Ändert sich unser Bild vom Alter?


Am 28. Mai 2011 gab es im DLF Freitagvormittags im Rahmen der Sendereihe "Lebenszeit" eine sehr interessante Sendung zum Thema: "Perspektiven- ändert sich unser Bild vom Alter?", an der u.a. auch Joachim Fuchsberger teilnahm. Anlaß für diese Sendung war der Foto- und Filmwettbewerb "Was heißt schon alt" des Bundesfamilienministeriums. Denn Bilder - so heißt es auch im sechsten Altenbericht der Bundesregierung - haben großen Einfluß auf die Verwirklichung von Entwicklungsmöglichkeiten und auch auf den Umgang mit Grenzen. Unser Bild vom Alter ist nicht festgelegt, es ist eine soziale Vereinbarung, die sich abhängig von historischen und kulturellen Rahmenbedingungen verändert.

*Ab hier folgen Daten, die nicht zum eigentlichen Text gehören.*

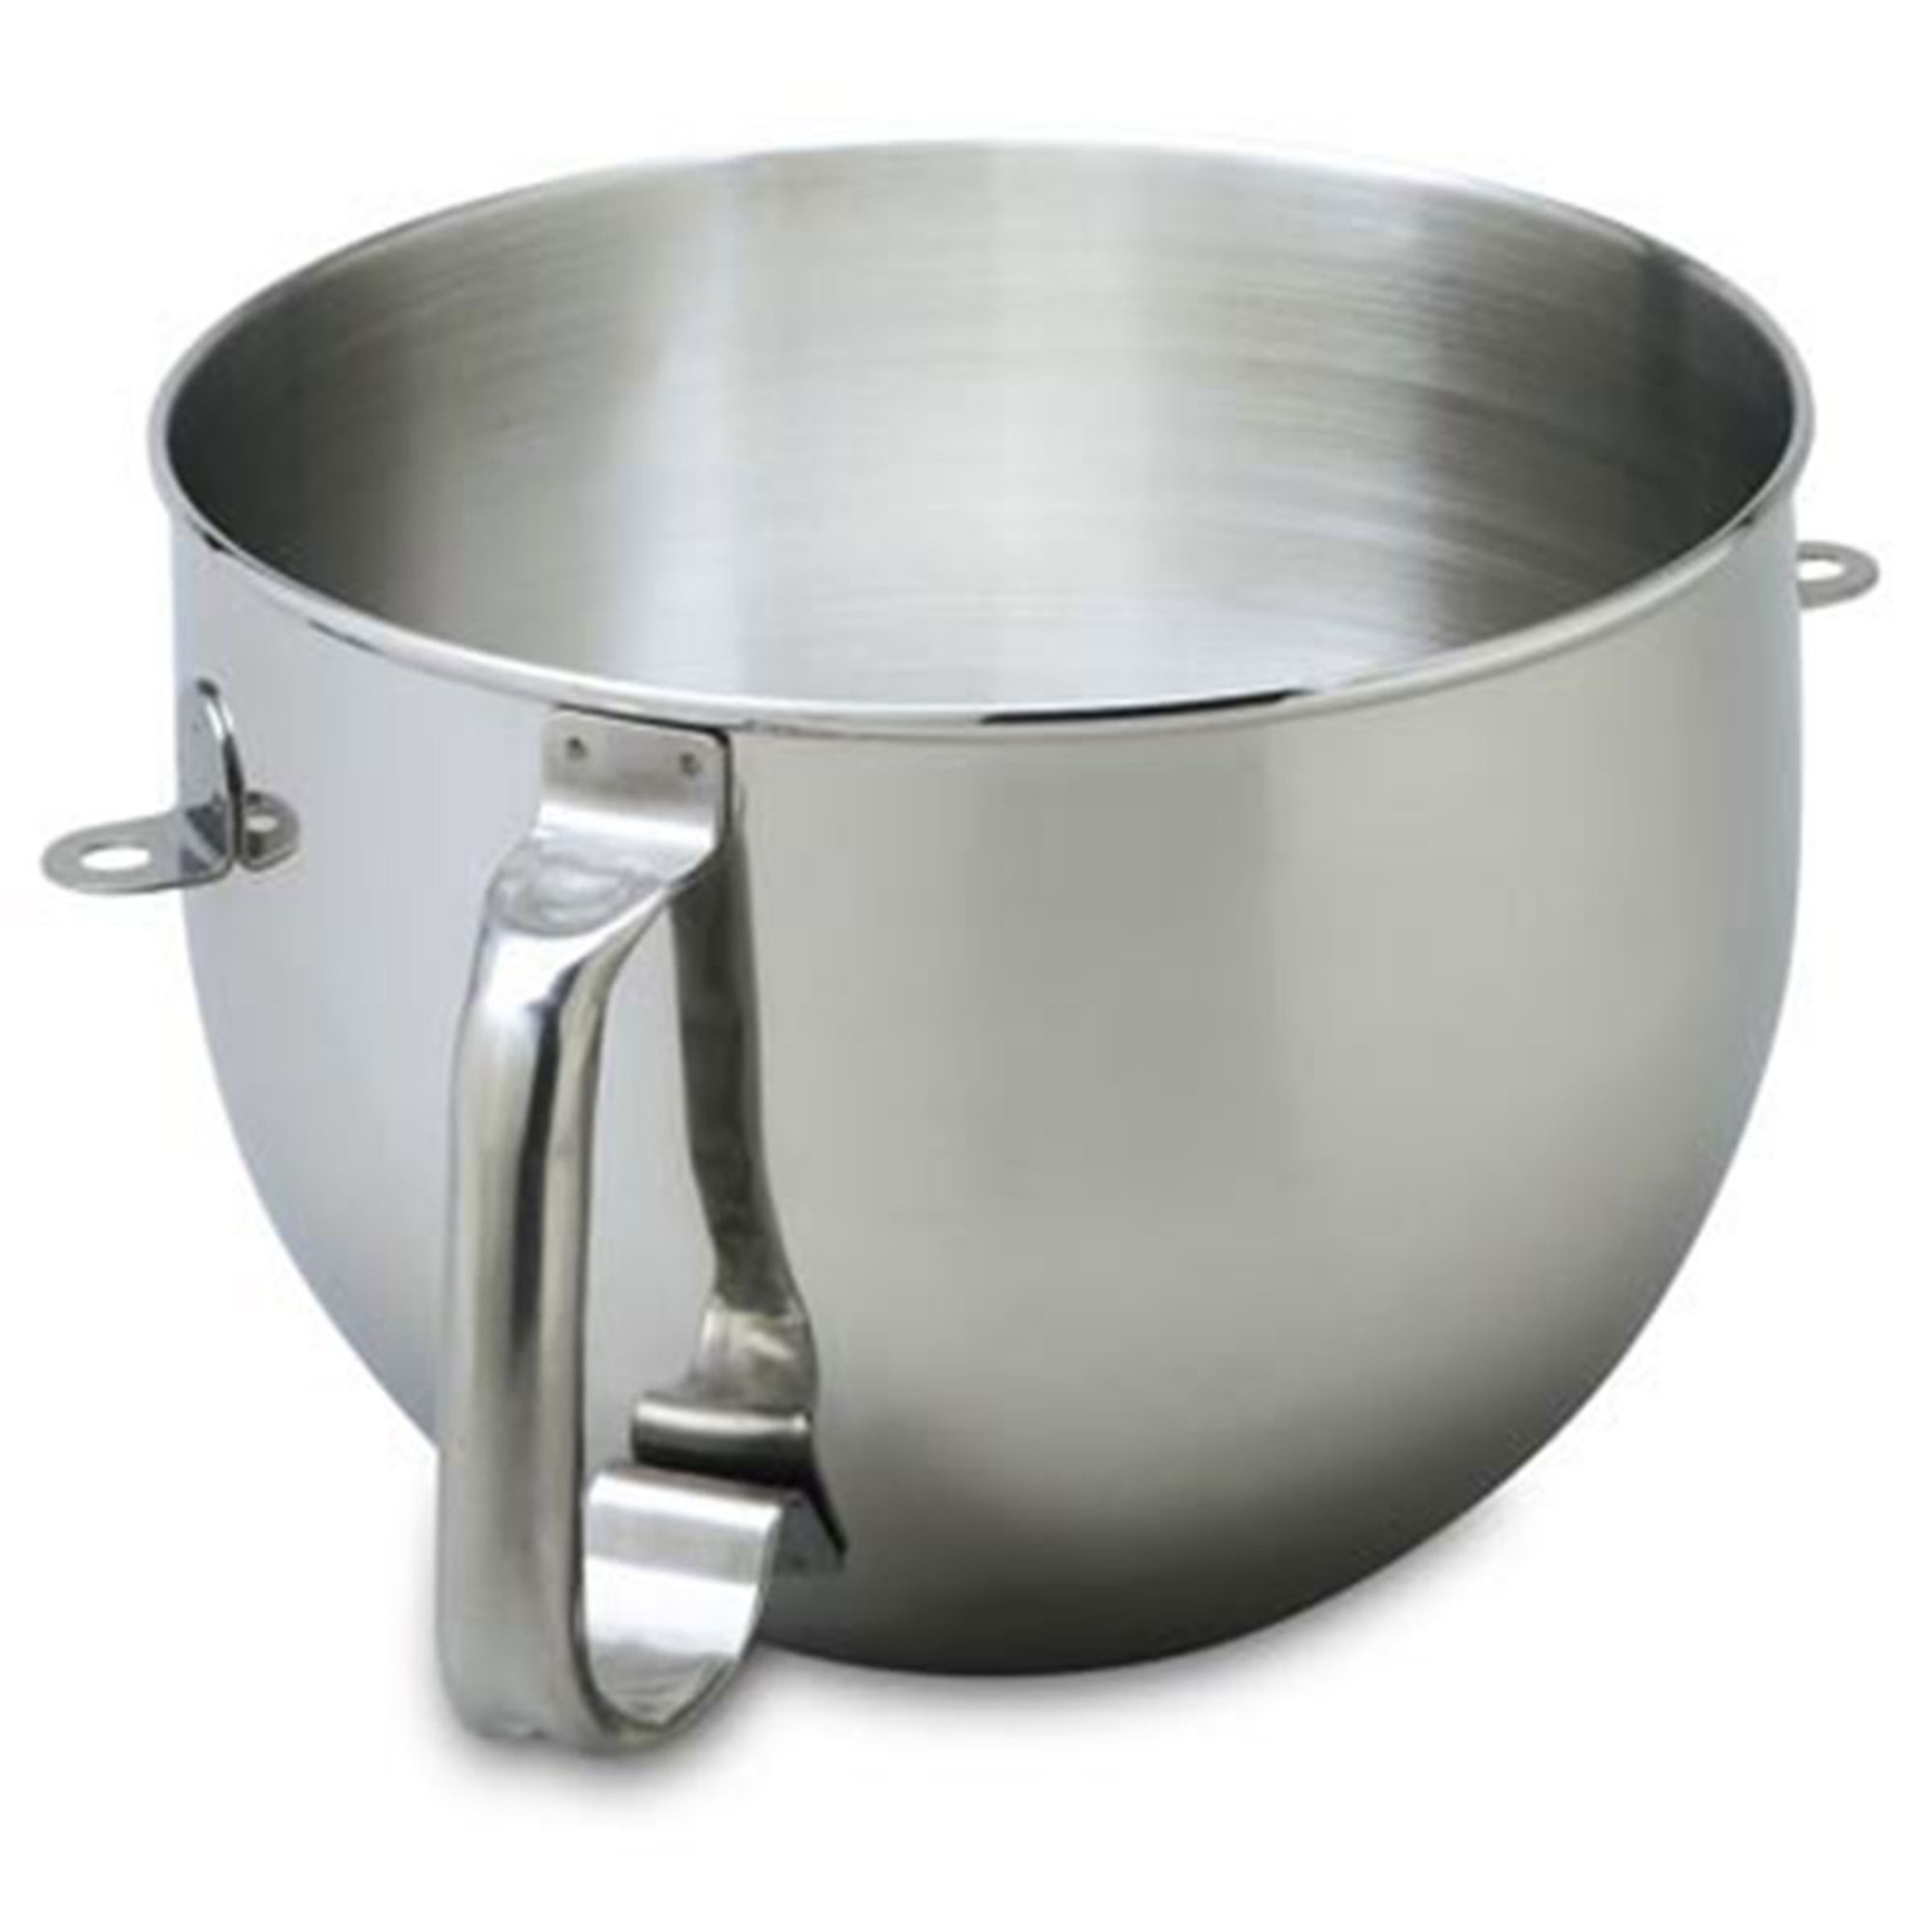 Kitchenaid 6-quart Stainless Steel Mixer Bowl With Handle For Bowl-lift
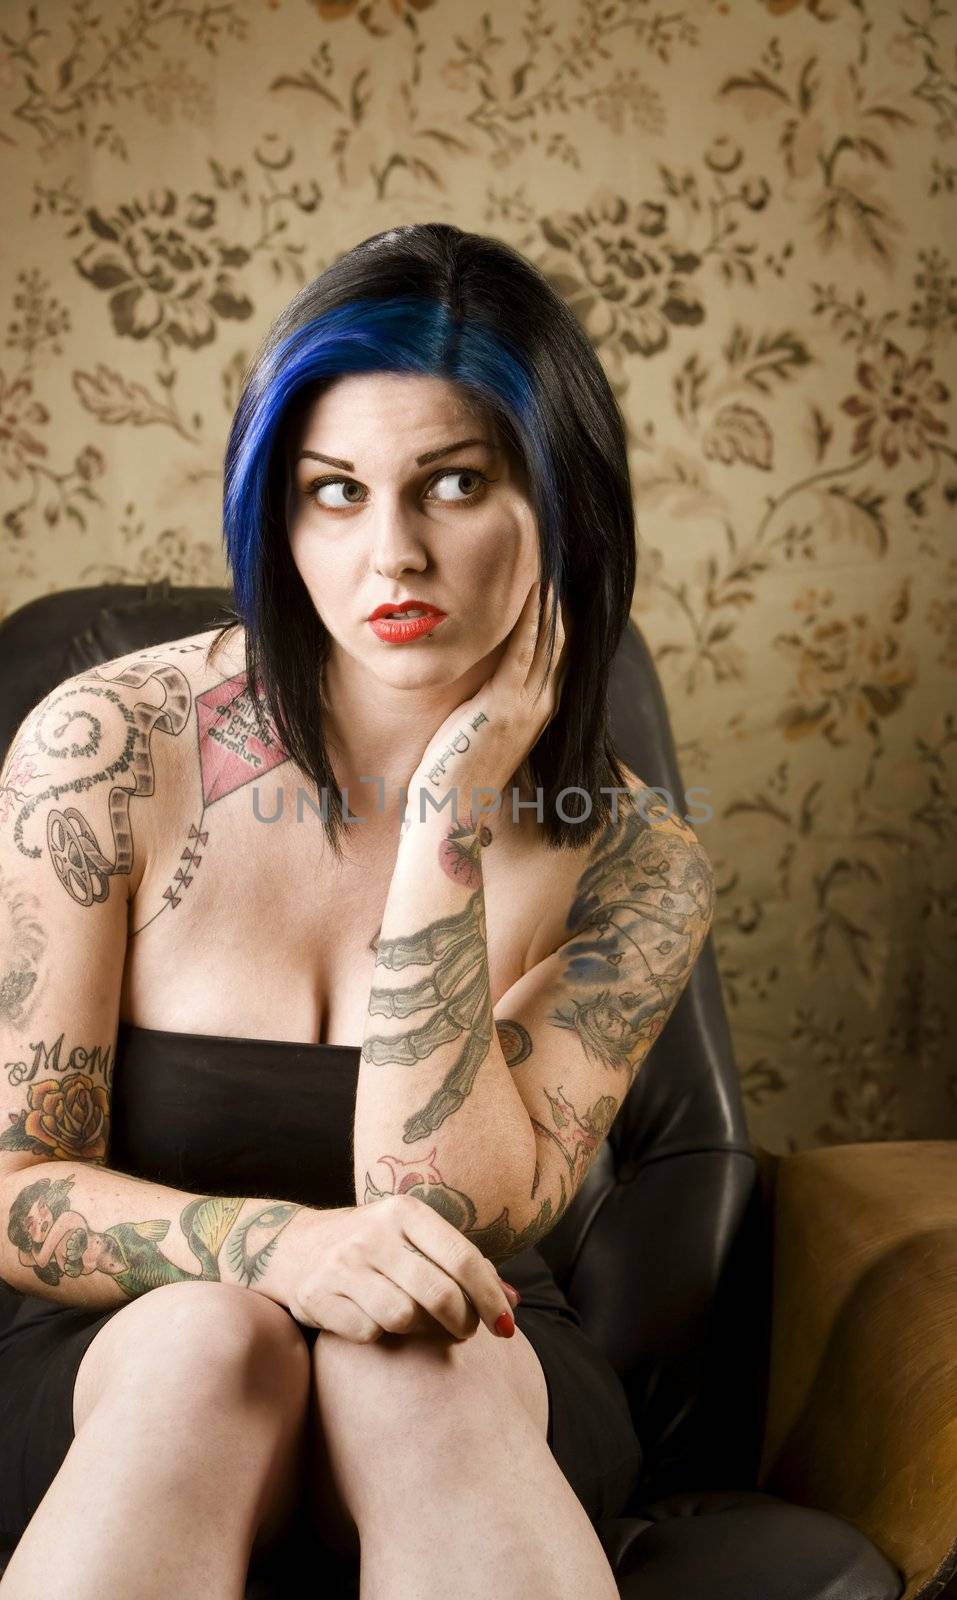 Pretty Woman with Tattoos in a Leather Chair by Creatista

Was sagen nun die Bilder, die wir uns heute vom Alter und vom Altern machen über uns und unsere Gesellschaft aus? Stimmen sie mit der Wirklichkeit überein? Wie hat sich das Bild vom Alter verändert? Wie sehen sich Menschen, die heute alt sind und wie werden sie im Unterschied dazu von ihrer Umgebung gesehen? Welches Bild von sich entwickeln Jüngere, wenn sie an sich selbst als alte Menschen denken und was tun sie, um dieses Bild von sich zu realisieren?

Download der Sendung: Lebenszeit: Neue Bilder vom Alter- neue Perspektiven?


Zu den Ergebnissen des Wettbewerbs: "Was heißt schon alt?"


Zum PDF-Download des 6. Altenberichts der Bundesregierung


Zum in der Sendung angesprochenen Altensportler-Dokumentarfilm: "Herbstlaub" - Wettlauf gegen das Alter


Zu Joachim Fuchsbergers Buchveröffentlichung: "Alt werden ist nichts für Feiglinge"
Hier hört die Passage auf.